DATA PROVIDED —
....................

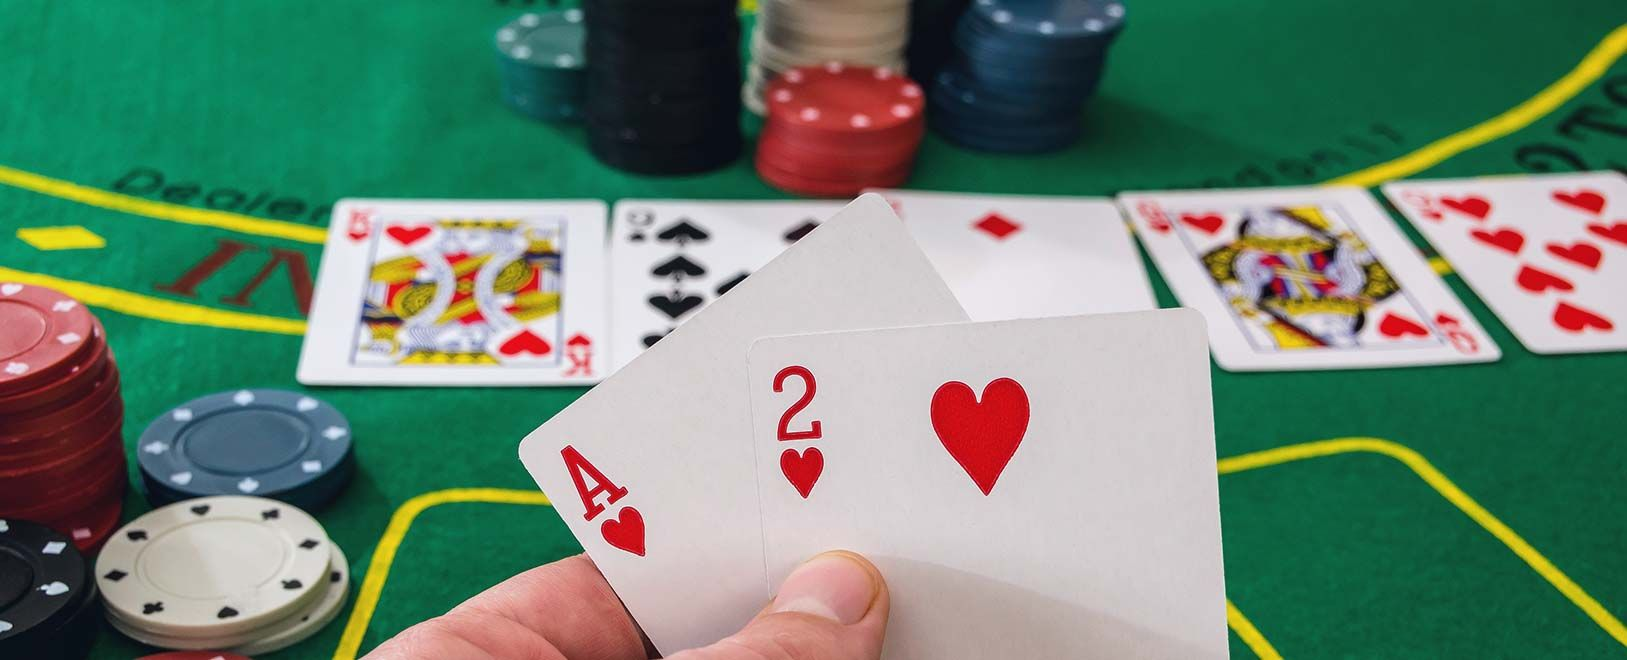 3 Best Online Poker Rooms for USA Poker Players Poker
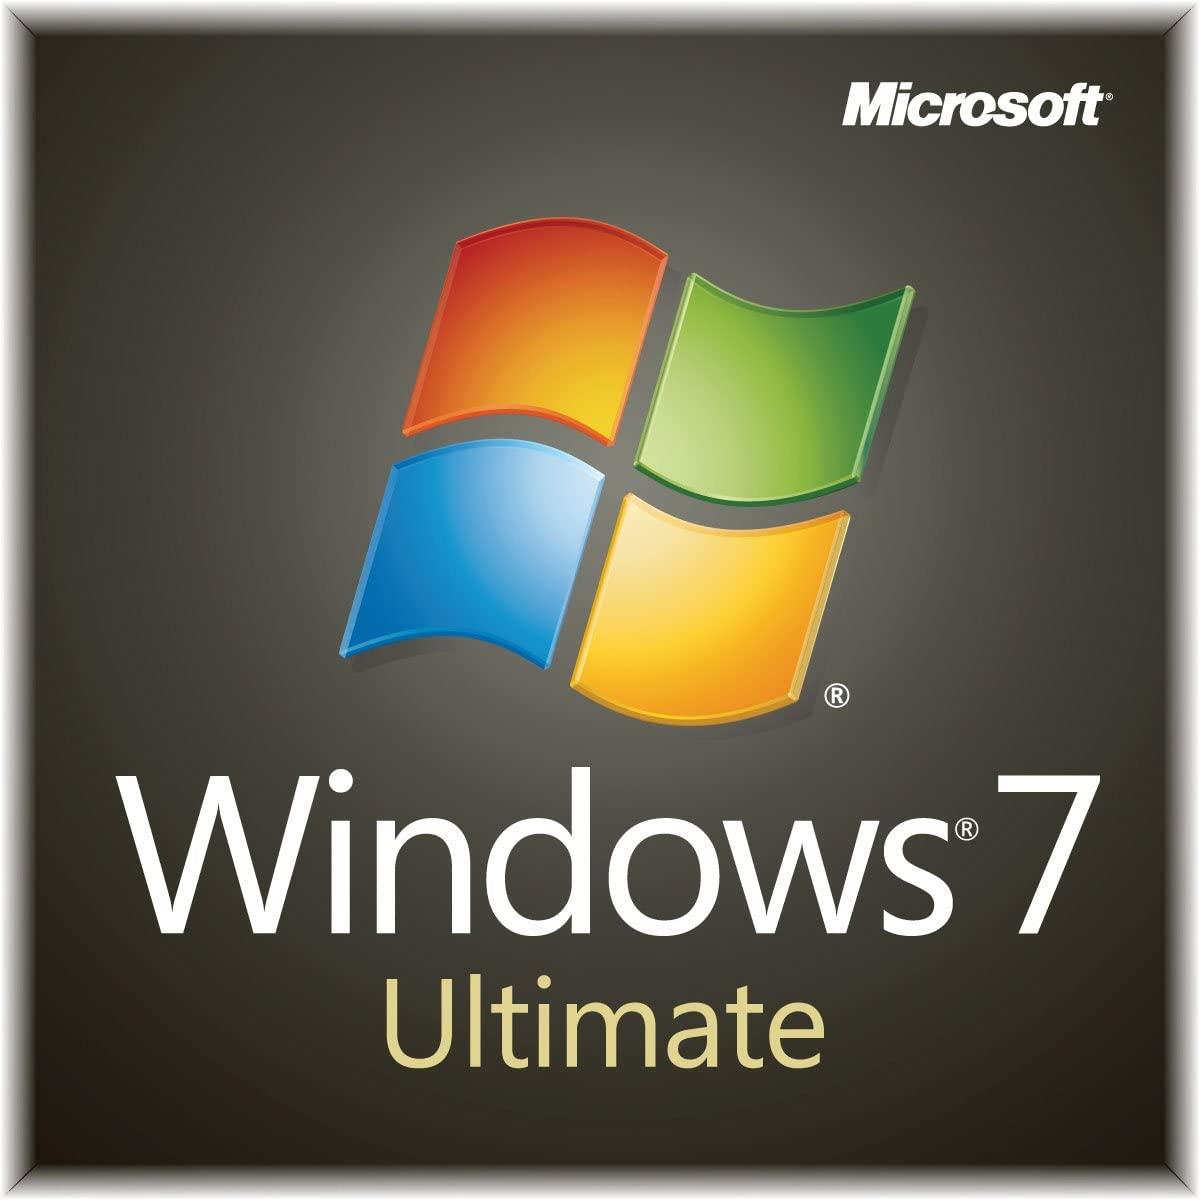 Windows 7 Ultimate SP1 64bit (Full) System Builder OEM DVD 1 Pack [Old Packaging]
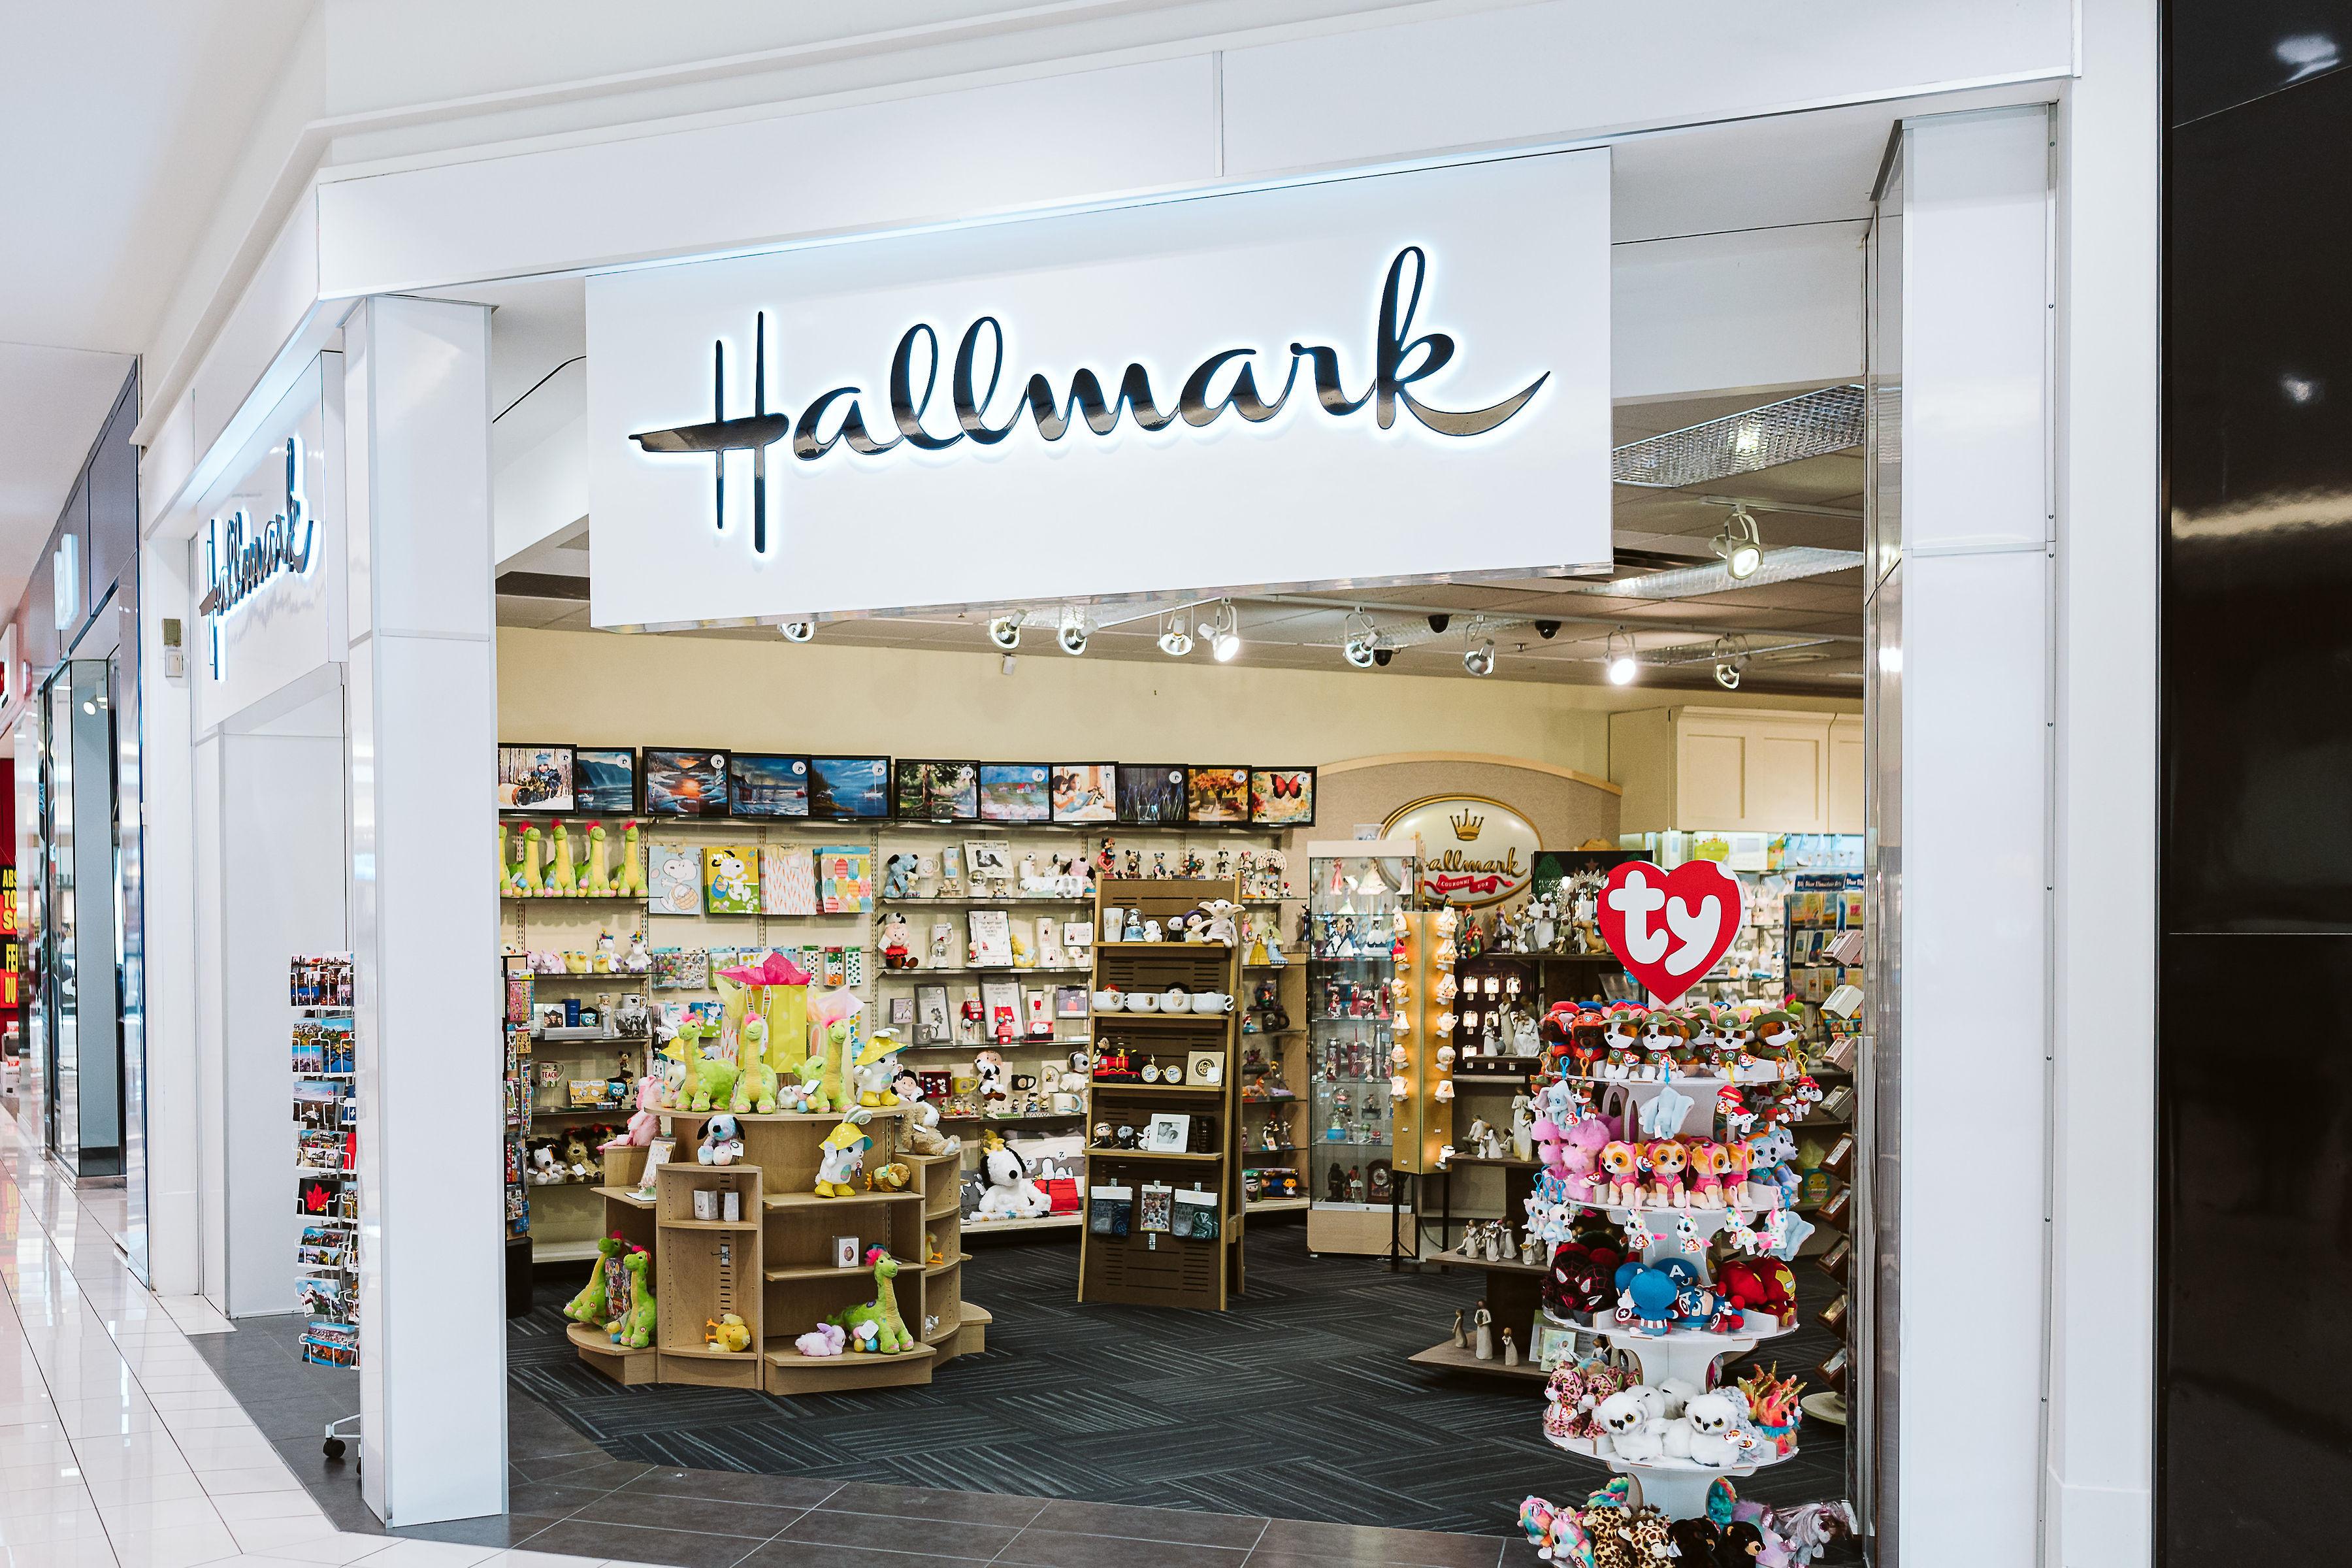 Hallmark - Mail Champlain
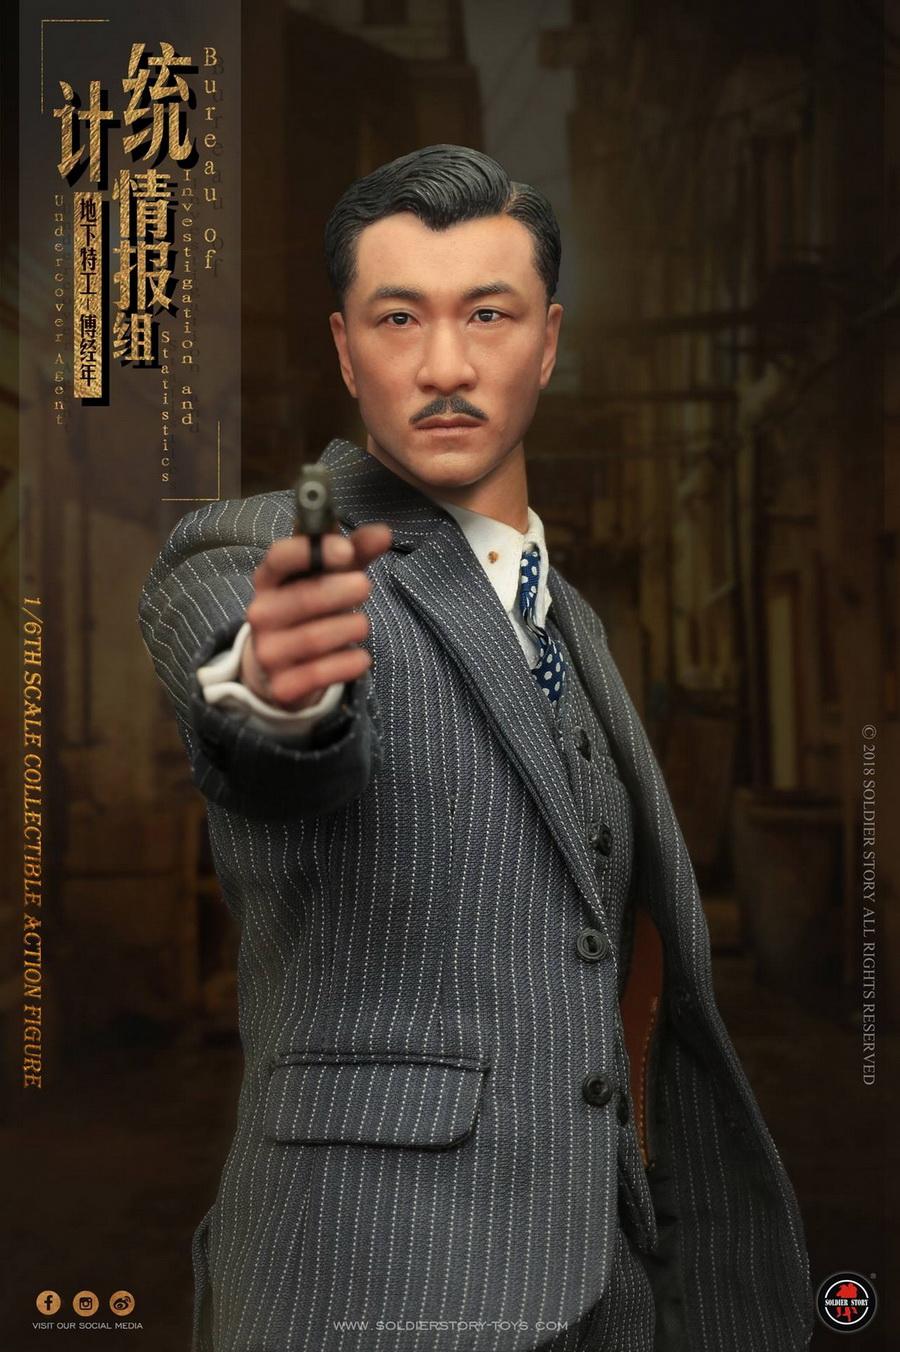 sost-Undercover Agent03

....................

DIRECTIONS —
Your reply should restate the data above word for word and contain no pictures.

TASK ANSWER —
 3 Best Online Poker Rooms for USA Poker Players Poker
 Windows 7 Ultimate SP1 64bit (Full) System Builder OEM DVD 1 Pack [Old Packaging]
 Hallmark - Mail Champlain
 sost-Undercover Agent03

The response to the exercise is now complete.